Борьбу с ним Михайловна вела каждый день и каждый день проигрывала. Слишком много прошлого было – годы, годы, десятилетия, да что там, страшно подумать – восемь десятилетий, почти век. Вся жизнь – прошлое. А от жизни просто так не отделаешься, не спрячешься. Уйти–то ушло, а не отпускает, живет внутри, теплится, тлеет. Может, и живешь, пока еще теплится.
Становиться старше не страшно, когда приобретаешь больше, чем теряешь. Ну, мудрость, отношение к жизни, чистую, спокойную ясность ума и сердца. А без этого только и остается, что на пепелище ходить, да вздыхать, да вспоминать.

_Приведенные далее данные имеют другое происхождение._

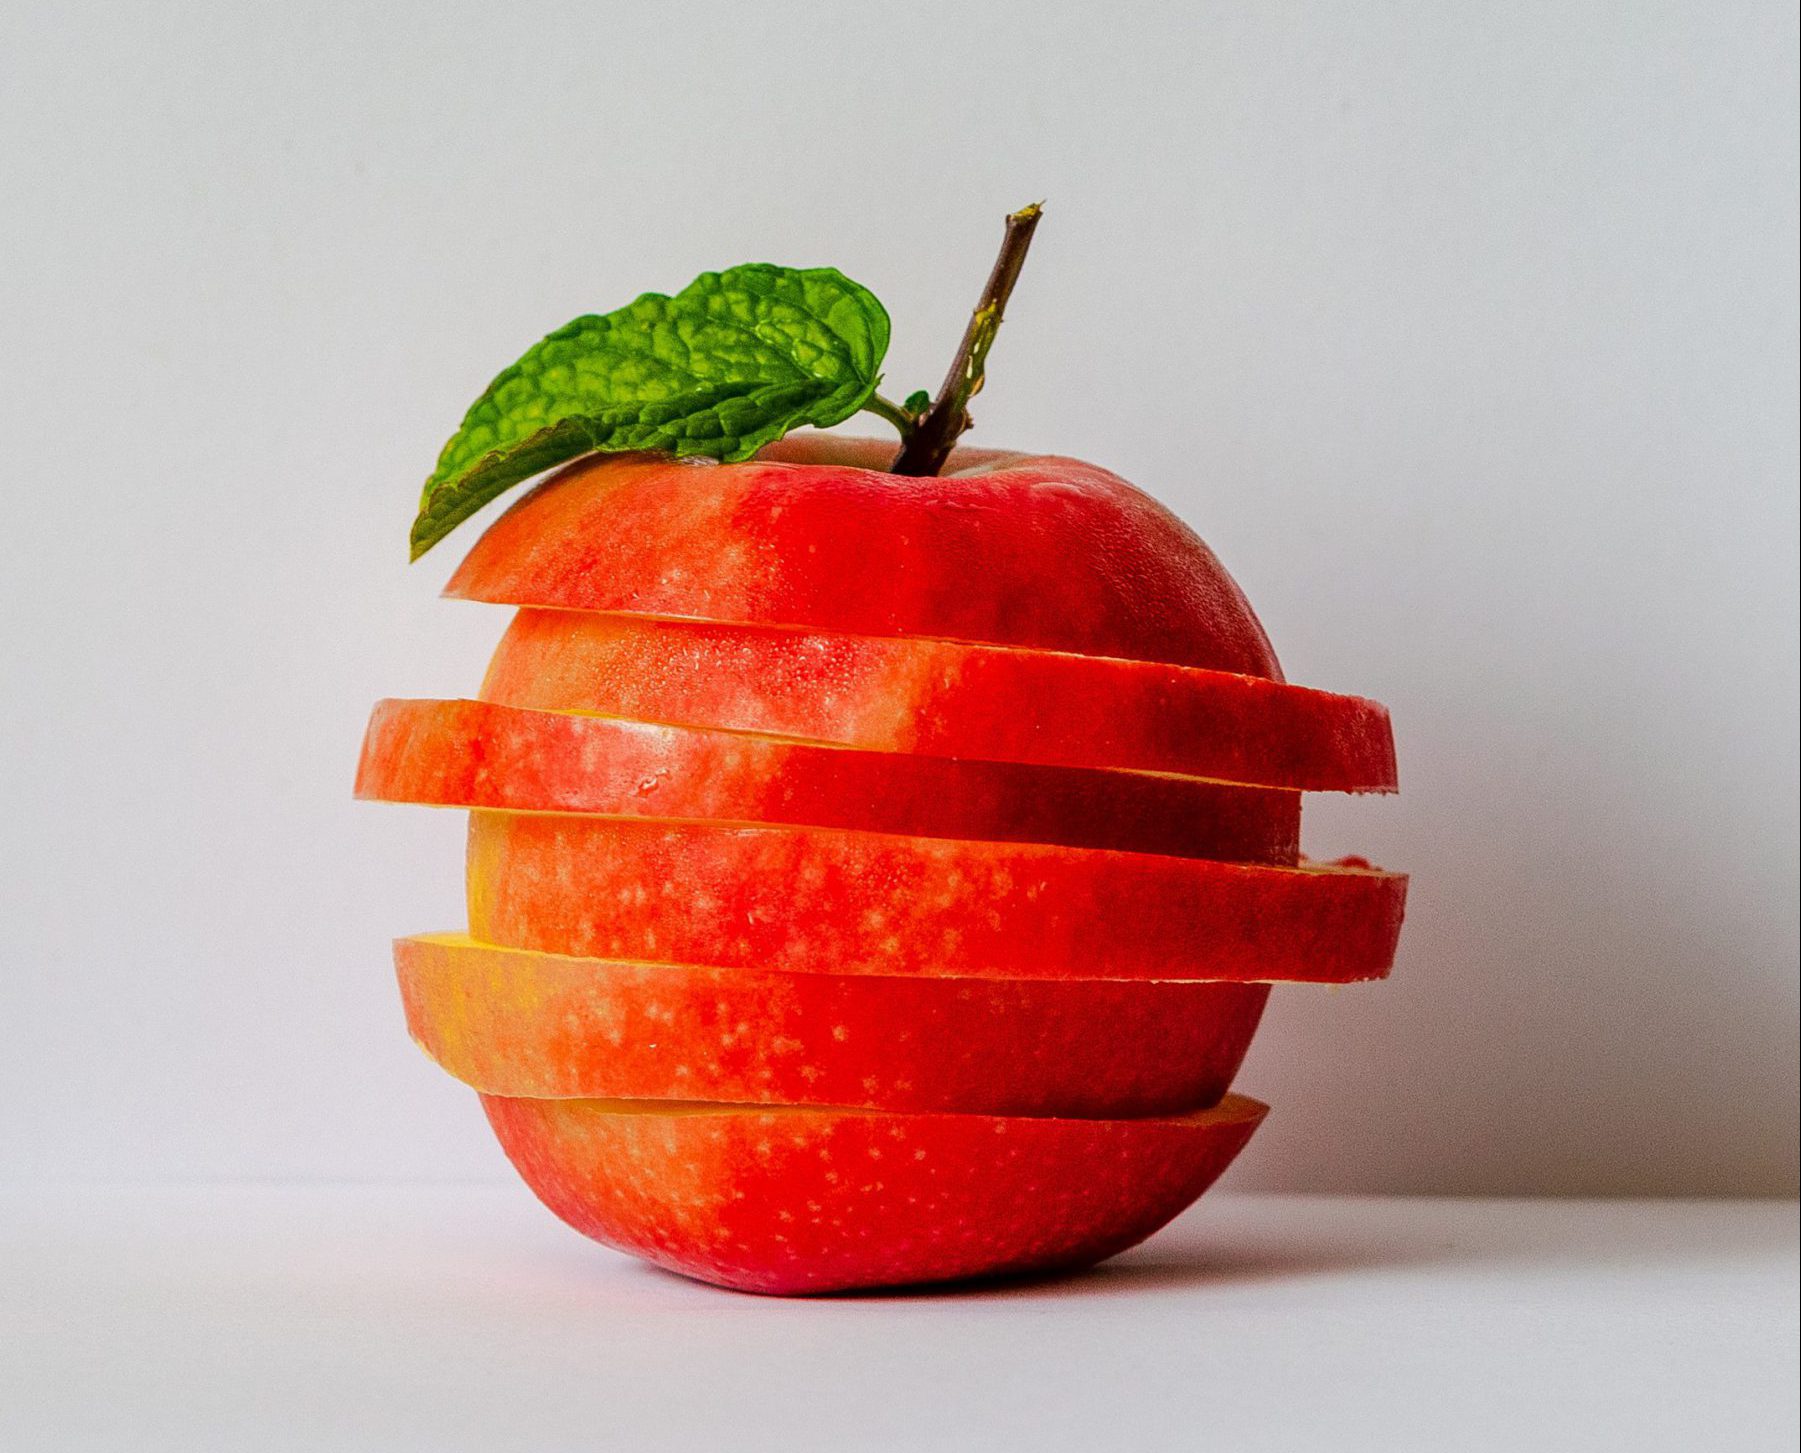 red apple sliced horizontally

Михайловна еще немного поворочалась и решила вставать. Спустила ноги с кровати. Посидела, чтобы в голове прояснилось. Отдернула занавеску в мутное, серое, с моросью утро. Кряхтя, сползла с кровати и потянулась за одеждой.
Надела чулки, прихватив их над коленками специально сшитыми резинками. Теплые панталоны. На сорочку – старое коричневое платье, сверху гуманитарную кофту. Пригладила редкие, крашенные хной в рыжий цвет волосики, заколола гребешком, повязала платок. В коридоре вдела ноги в старые резиновые сапоги с обрезанными голенищами, захватила подойник, ведро, в котором плавала тряпка, и вышла на двор.

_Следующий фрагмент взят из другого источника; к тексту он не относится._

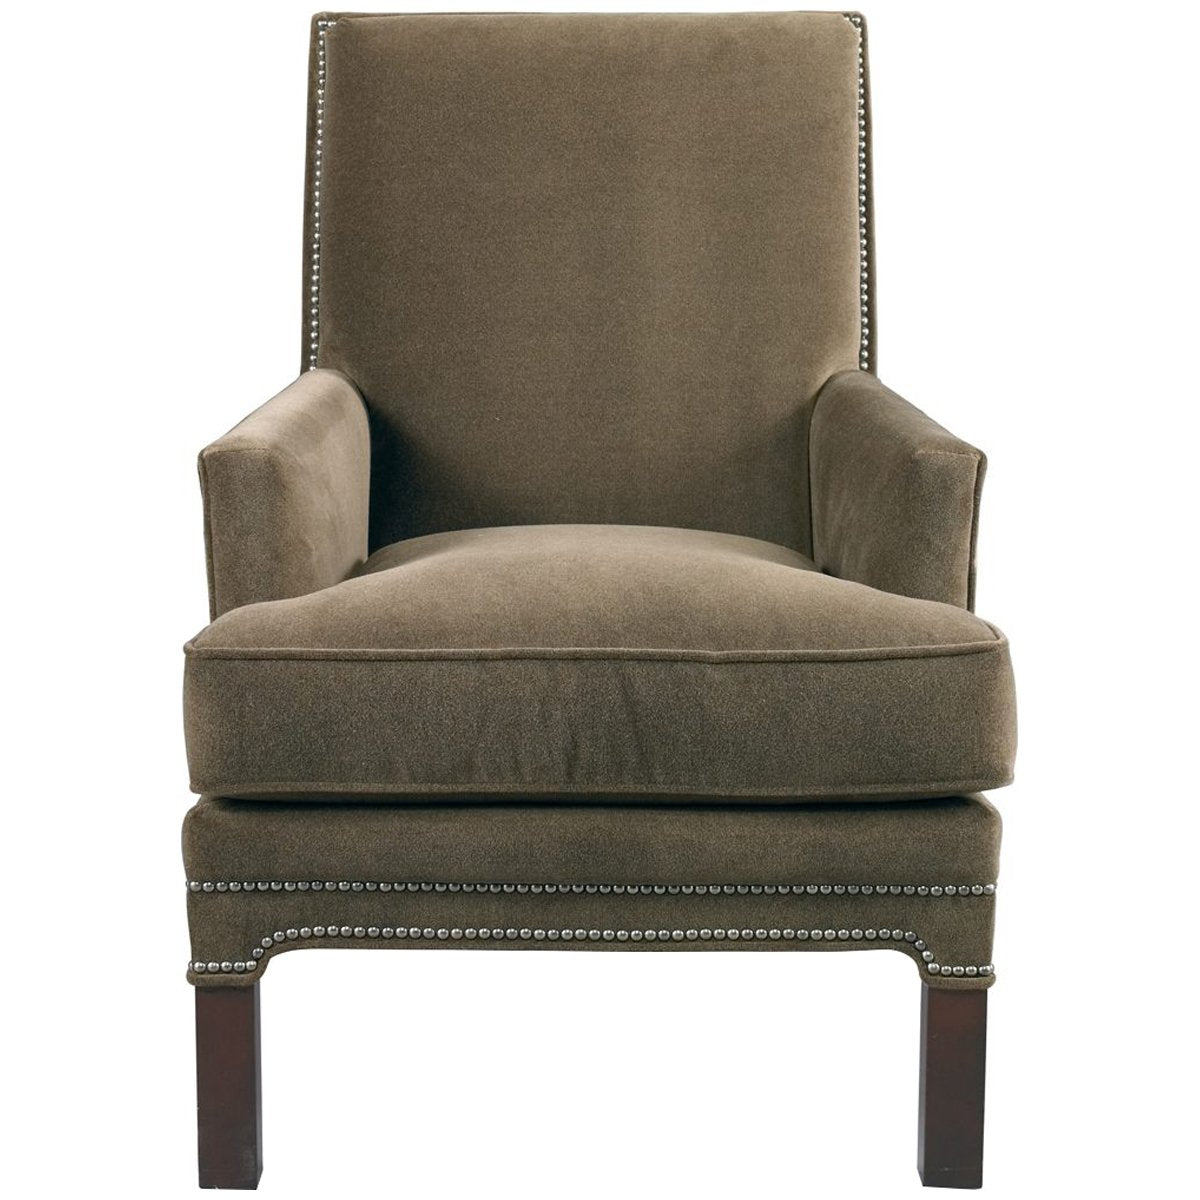 Hickory White Vineyard Arm Chair

В покосившемся старом хлеву, заслышав хозяйку, заворочалась, гремя боталом, Демократия. Михайловна зачерпнула мятым жестяным ведром воды в баке, поставила корове под морду и, когда та напилась, задала комбикорму. Поискала маленькую удобную скамеечку, даже чертыхнулась и Демократии в бок наподдала ни за что ни про что, но нашла, успокоилась, хотя все еще ворча, обтерла вымя и, с трудом согнувшись, села.
Летом корова была толстой, ладной. На бусинчатом хребте, на лопатках и маклаках висело большое коровье тело, сытый живот, переходящий к задним ногам в розовое тугое вымя, к которому широкими ручейками шли молочные вены. Михайловна привычно уткнулась лбом в коровий бок, пристроилась, сдоила первые грязные струйки прямо на пол и начала доить.

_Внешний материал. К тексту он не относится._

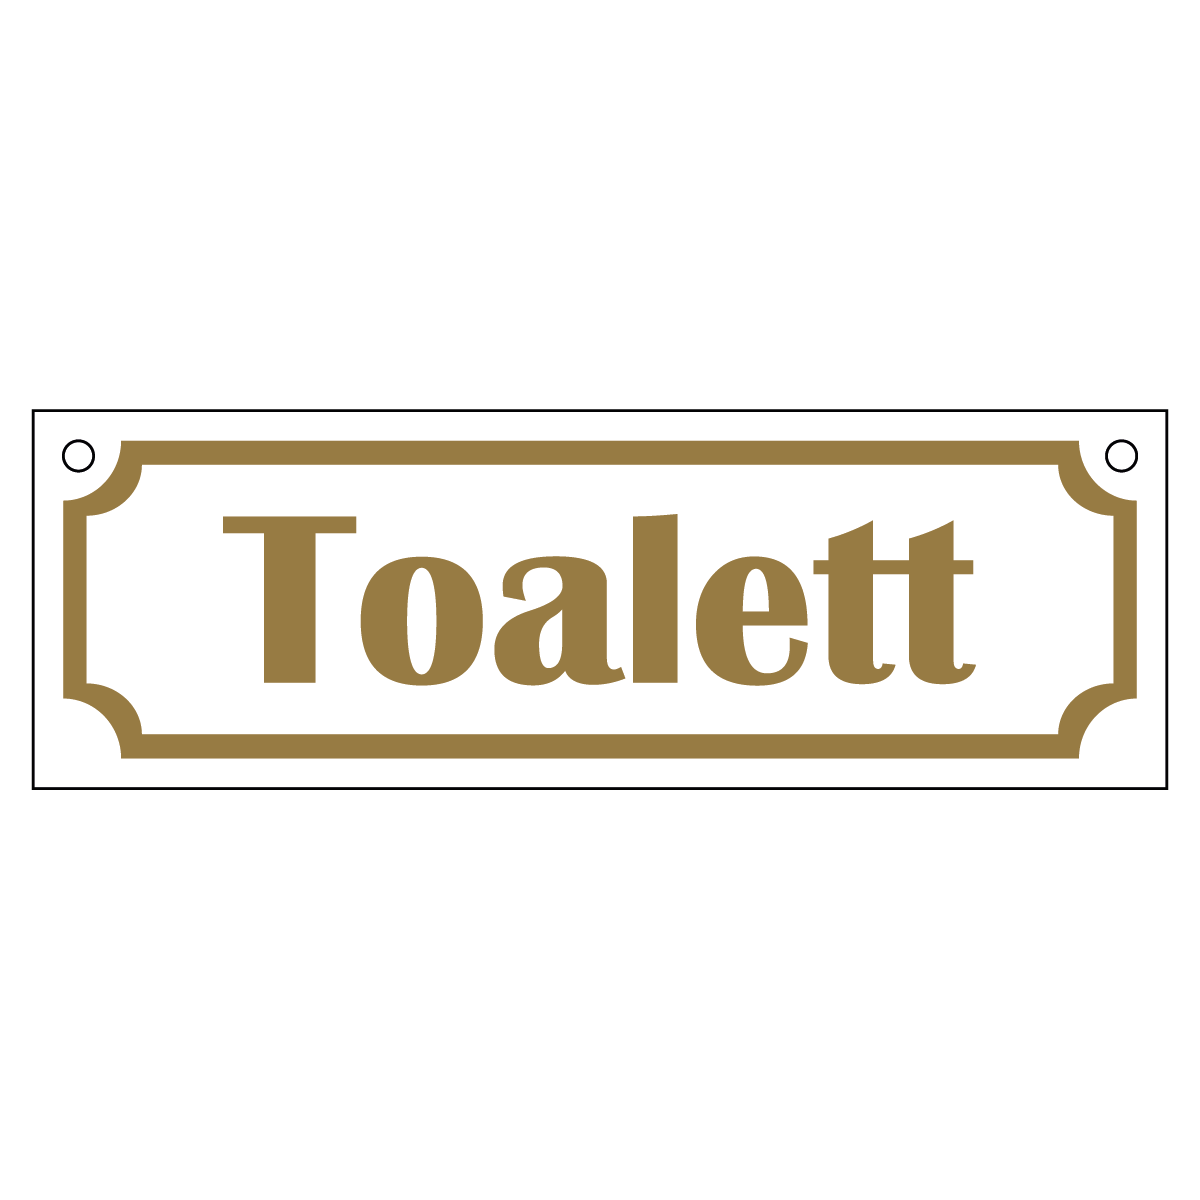 Toalett - Skylt - 150x50mm - Vit - Guld

Пальцы плохо гнулись и болели – Михайловна, отфыркиваясь от капель пота, стекавших из–под платка, опять стала раздражаться. Да еще Демократия, сгоняя муху, шлепнула ее навозным хвостом по лицу.
– Растуды-т твою мать! – и бабка заехала корове кулаком в живот, не боясь, что корова дернется и опрокинет подойник. – Стоять!
Корова перестала жевать и ждала, остановится Михайловна на этом или, разойдясь, продолжит выяснение отношений. Михайловна снова принялась доить, медленно и неуклюже дергая за соски.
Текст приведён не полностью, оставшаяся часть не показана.